Les forages ne semblent rentables, pour les derniers, qu’au dessus de 80 dollars le baril. Les forages plus anciens ont eu initialement un seuil de rentabilité plus faible (vers 50-60 dollars) mais l’épuisement de ces forages contraint les compagnies à utiliser des techniques qui sont désormais plus coûteuses. Il convient donc d’examiner attentivement la logique économique de l’huile de schiste.

 

Une base saine et une dérive spéculative

L’exploitation de l’huile de schiste repose sur le percement d’un puits, d’abord vertical puis horizontal, et l’injection de composés chimiques destinés à fracturer la roche et à en dégager l’huile avec des composés pauvres en hydrogènes. Il faut, de plus, un apport externe en chaleur [2]. Ces composés sont en général mélangés à de l’eau, et l’un des premiers problèmes de cette industrie a été sa consommation d’eau et la pollution des nappes phréatiques environnantes [3]. Le rendement du forage baisse fortement dès la première année. On peut considérer que nombre de forages, compte tenu des coûts d’exploitation, cessent d’être rentables dès la quatrième année. Signalons que le seuil de rentabilité, qui était initialement prévu autour de 30 dollars par baril [4], se trouve actuellement plutôt vers 60-70 dollars par baril, et ceci uniquement pour les coûts directs.

L’intérêt cependant est que la production initiale est forte et les coûts d’investissements relativement réduits. Une petite société peut donc acquérir une concession (permis de 5 à 10 ans) et mettre rapidement cette concession en exploitation. Avec des prix du pétrole élevés, le rendement initial est important. Il permet soit de rembourser les emprunts sollicités au départ soit de revendre la concession à une autre compagnie, qui est moins experte que la première. Dans le cas de chute importante de production dès la fin de la première année, ceci équivaut à une arnaque pure et simple. La première compagnie fait un large bénéfice et la seconde doit alors se débrouiller avec des rendements qui s’effondrent rapidement. En fait, ceci donne à l’industrie de l’huile de schiste une dimension de « schéma Ponzi », terme utilisé en finance pour décrire les pyramides financières où l’on rémunère les premiers déposants avec l’argent des déposants suivants. En effet, les investissements sont faits largement à crédit, parfois jusqu’à 100 % des sommes. Il faut que la première société puisse revendre la concession très vite si elle ne veut pas être pénalisée par les taux d’intérêts. D’où la nécessité de produire le plus vite possible des quantités importantes d’huile, mais au détriment des rendements futurs, afin de vendre une concession en apparence très rentable. Ceci explique aussi la montée rapide du volume d’huile produit, ce qui a contribué à déséquilibrer le marché.

 

La financiarisation de la production d’huile de schiste

On a fait allusion aux emprunts. En réalité, c’est l’ensemble du cycle d’exploitation qui est largement financiarisé. Tout d’abord, la concession et le capital initial sont couverts par un emprunt, la compagnie engageant en réalité très peu de capitaux. Cela se comprend aisément si l’on considère les risques initiaux élevés dans cette activité. Ces emprunts sont souscrits auprès des petites banques locales américaines. Mais, ces dernières titrisent rapidement ces emprunts, qui se retrouvent dans l’ensemble du secteur bancaire américain. Les taux d’intérêts viennent alors s’ajouter aux frais de forage et d’exploitation.
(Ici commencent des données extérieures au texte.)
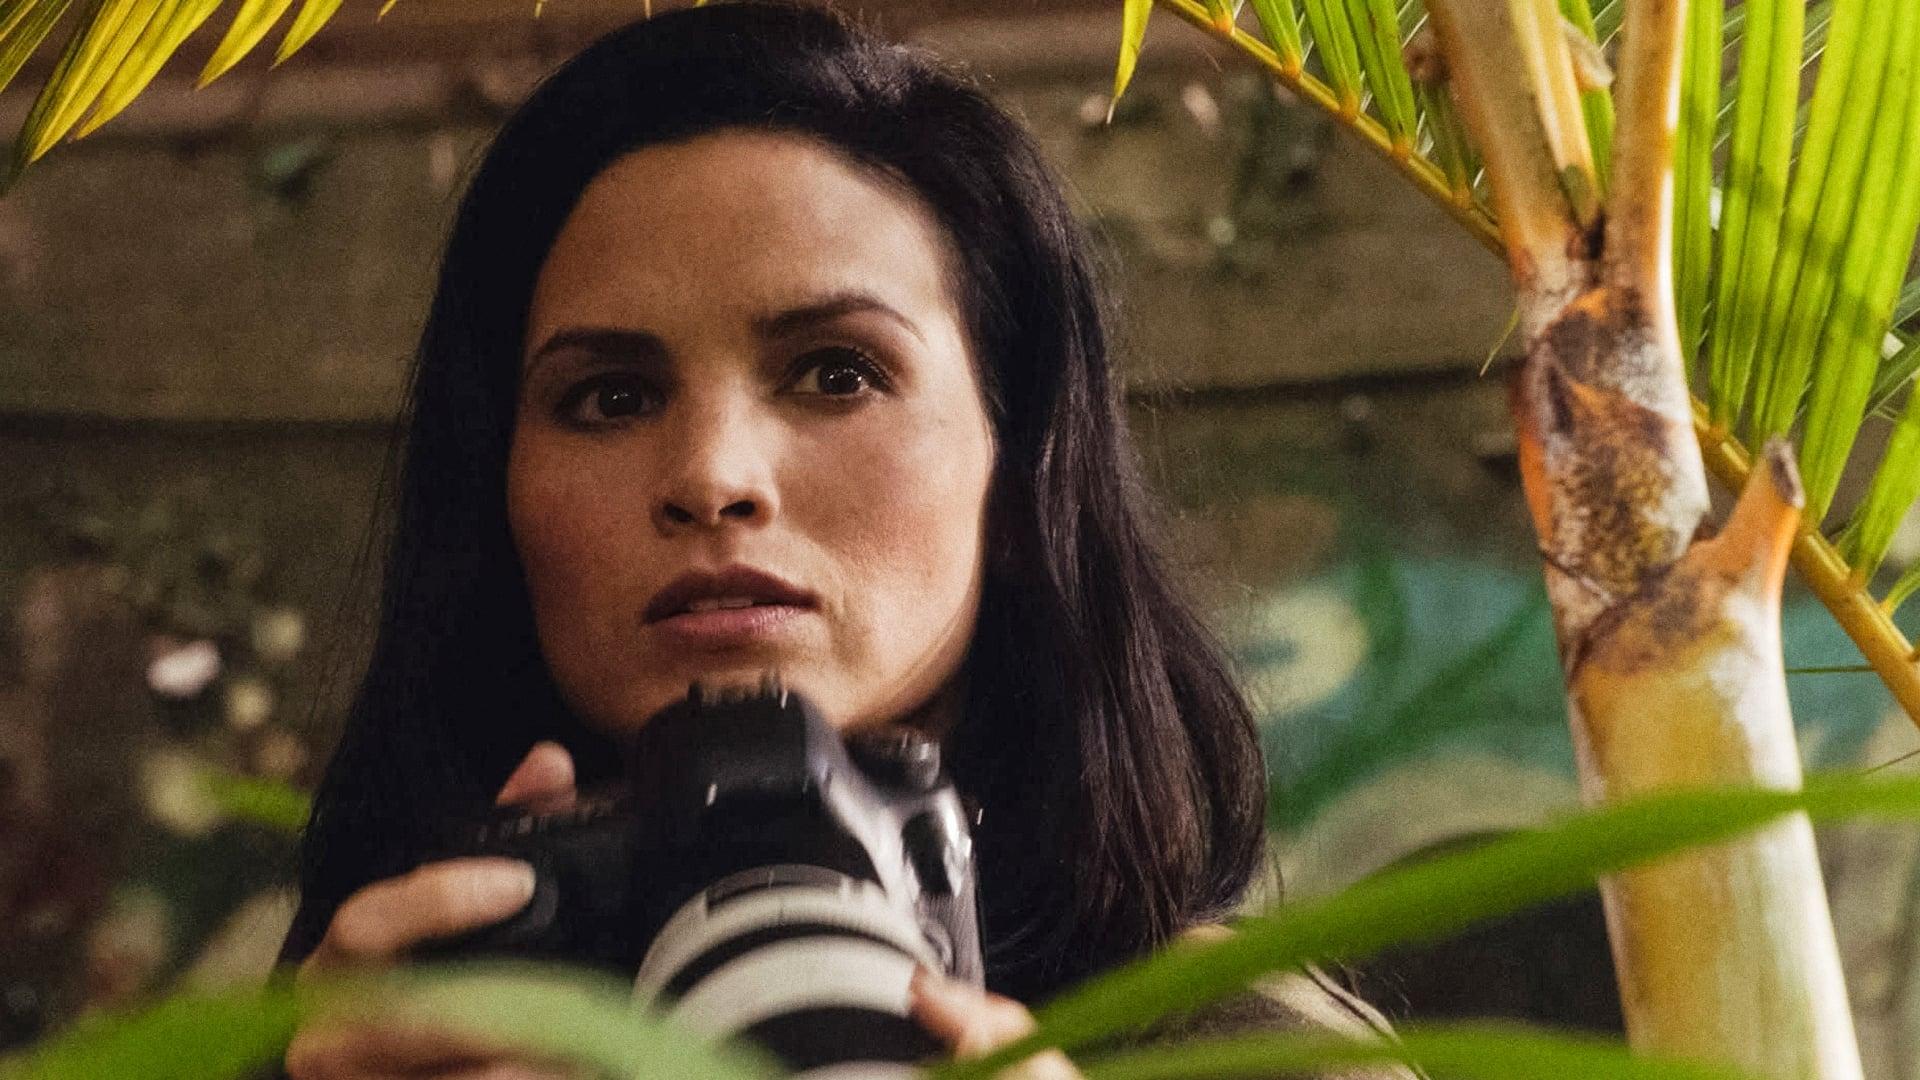 Hawaii Five-0 - Season 10 Episode 3 : E uhi ana ka wa i hala i na mea i hala (Passing time obscures the past)

Il semble bien, même si l’on manque d’études systématiques, que cela met le seuil de rentabilité au-delà de 80 dollars (certains auteurs avancent même des sommes de l’ordre de 100 dollars) le baril.

Les compagnies ont aussi souscrit des assurances (on appelle cela techniquement des « couvertures de risques ») en cas de baisse des cours. Ici encore, on ne sait pas dans quelle proportion. Mais, ces contrats d’assurance ont rarement plus de 6 mois à un an de durée de vie. Ils ne semblent pas avoir été conclus après septembre 2014, car il semble bien que les prix ayant commencé à brutalement baisser à cette époque, le tarif de ces couvertures soit devenu exorbitant. La plupart des compagnies qui se sont assurées ne le sont donc que jusqu’au mois de juin 2015. Ces contrats d’assurances ont été aussi titrisés sur le modèle des CDS (credit default swaps) qui ont joué un rôle important dans la crise des subprimes. La titrisation tant des emprunts que des assurances a été un facteur important de développement dans la finance américaine. Mais cette titrisation a aussi abouti à répandre le risque dès que l’industrie de l’huile de schiste ne sera plus rentable, ce qui est le cas aujourd’hui.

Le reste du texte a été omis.